皇室問題は浅い知識で論じてもトンチンカンな内容になってしまうでしょう。日本ではどんな問題より多くの人が徹底的に論じているでしょうから、どんな論点ももう「結論」が出ていて、あとは「どの立場(説)をとるか」だけ、という状態だと思います。
それはそうとしても、管理人が浅い知識で考えを述べるのも言論の自由です。管理人の認識としては、天皇という概念の定義に男系であることが含まれるため、女系はそもそも天皇の概念に当てはまり得ません。継体天皇が別系だとか、それ以前はもっと色々あったとか、それ自体は興味深い議論ですが、この論点の本質ではありません。なぜなら、みんな男系子孫「ということになっている」からです。それは、まさに天皇という概念の定義に男系であることが含まれるため、そういうことになっているのです。この認識からすれば、女系を認めないと天皇がいなくなってしまうぞ、という反論に意味がないことは理解できるでしょう。今の日本に不敬罪など存在しません。「ニホンオオカミが絶滅するのは良くない。だから、外見が似ている柴犬の一派を今後はニホンオオカミと呼ぼう」というようなものであり、意味がありません。ニホンオオカミが絶滅したのは事実であり、その後に「学術的にニホンオオカミではない」柴犬の一派をニホンオオカミと呼ぶことにしても、それはいわば「同姓同名の別人」であり、別物であることに変わりはありません。柴犬の一派をニホンオオカミと呼ぶことにして、「ニホンオオカミの絶滅を防いだ」とか「ニホンオオカミが復活した」とか言われたら、あなたは頷きますか?そういうことです。
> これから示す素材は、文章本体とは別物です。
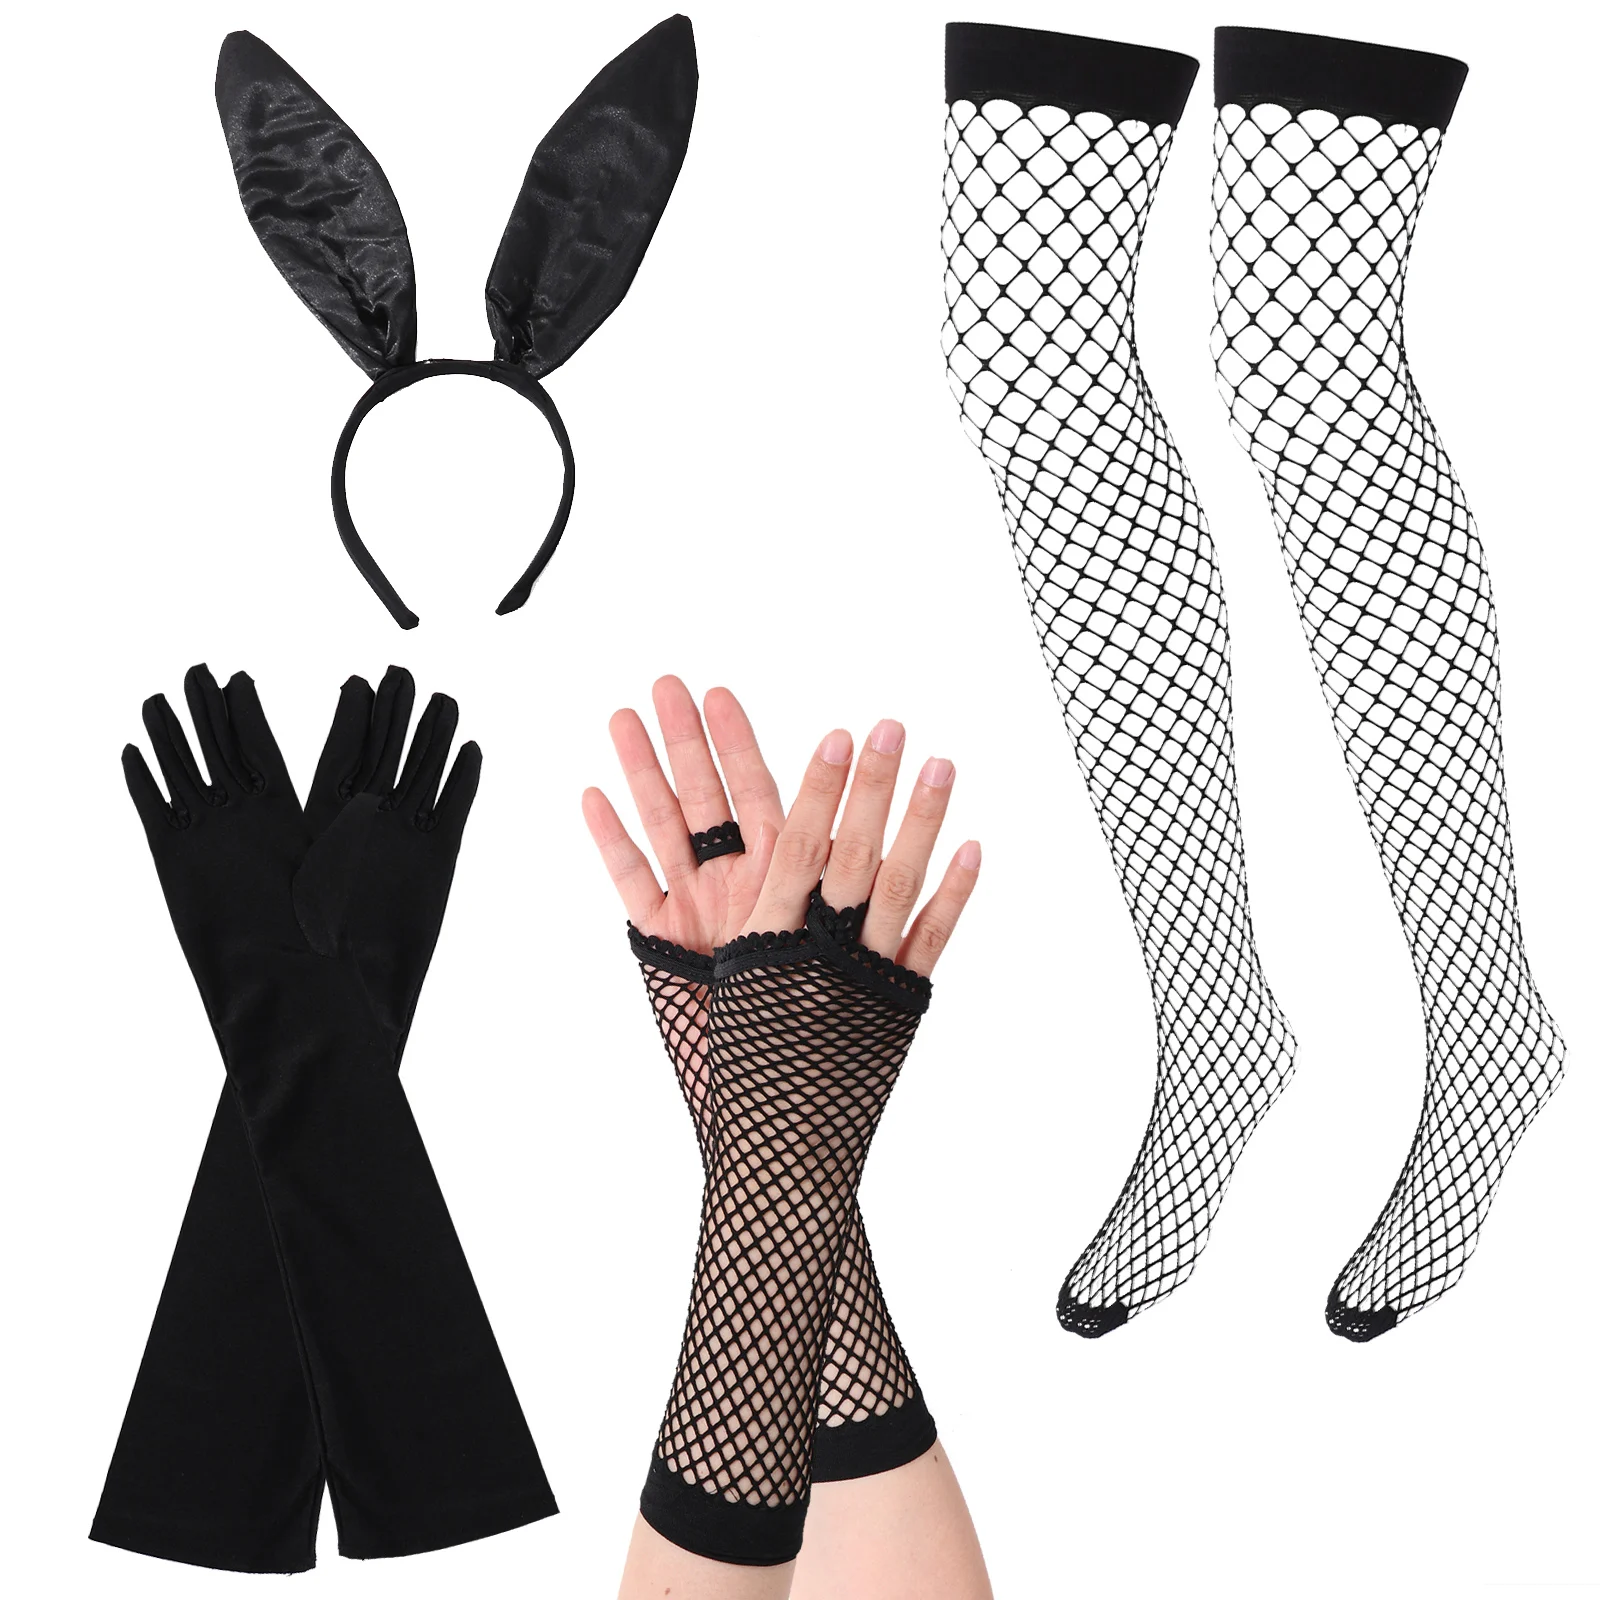 

30Sexy Bunny Costumes Halloween Cosplay Rabbit girls Party Fancy Dress Sexy Nightclub Clubwear Rabbit Girls Uniform Accessories

ライオンでもトラでもゾウでも、全て当てはまります。この方式を認めるなら、絶滅危惧種という概念自体が不要となるでしょう。日本国の象徴が必要だというのであれば、それは別の議論です。まず天皇と言う概念が存在し、後に日本国の象徴と言う概念ができました。そこで、日本国の象徴を示す称号を、例えば「国徴」とでも仮定します。そして、天皇がいなくなったら、誰かを「初代国徴」にして、その人に日本国の象徴の役割を担ってもらう、それだけです。ここで気付くと思いますが、それって、例えばドイツにおける大統領とほとんど同じなのです。そう、結局そういうことになるんですよ。男系でなくていいなら、なぜ女系でなければならないのか。女系でもないのがなぜいけないのか。理屈はないのです。この点を理屈で論じる人は、その人の望む結果ありきの人であり、目的的行為として論じているのです。理屈から結果を導いているのではなく、まずその人の価値判断として結果があり、それに合うよう理屈を講じているに過ぎません。理屈ではなく、歴史的事実として、天皇という概念の定義に男系であることが含まれるのです。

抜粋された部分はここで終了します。